Dataset excerpts section start

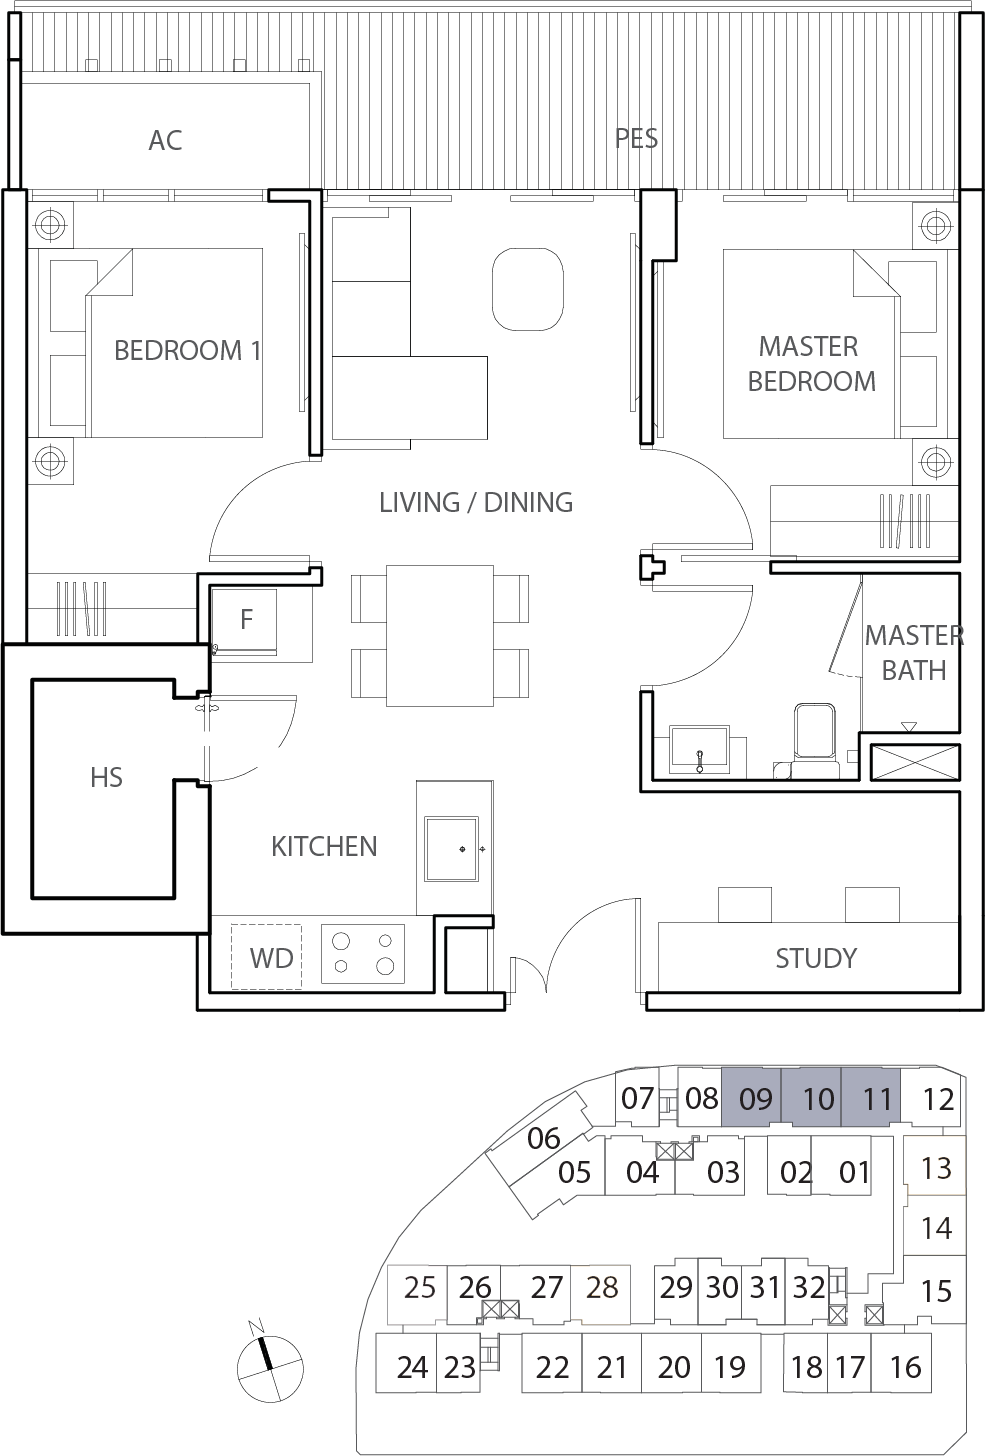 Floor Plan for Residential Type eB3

Dataset excerpts section end
Dataset excerpts section start

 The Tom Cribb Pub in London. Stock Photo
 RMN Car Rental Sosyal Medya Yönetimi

Dataset excerpts section end

• Your objective
Write out exactly the lines above from the line with "The Tom Cribb Pub in London. Stock Photo" through the line with "RMN Car Rental Sosyal Medya Yönetimi", both of them included, and leave out all other lines.

• Answer space
 The Tom Cribb Pub in London. Stock Photo
 RMN Car Rental Sosyal Medya Yönetimi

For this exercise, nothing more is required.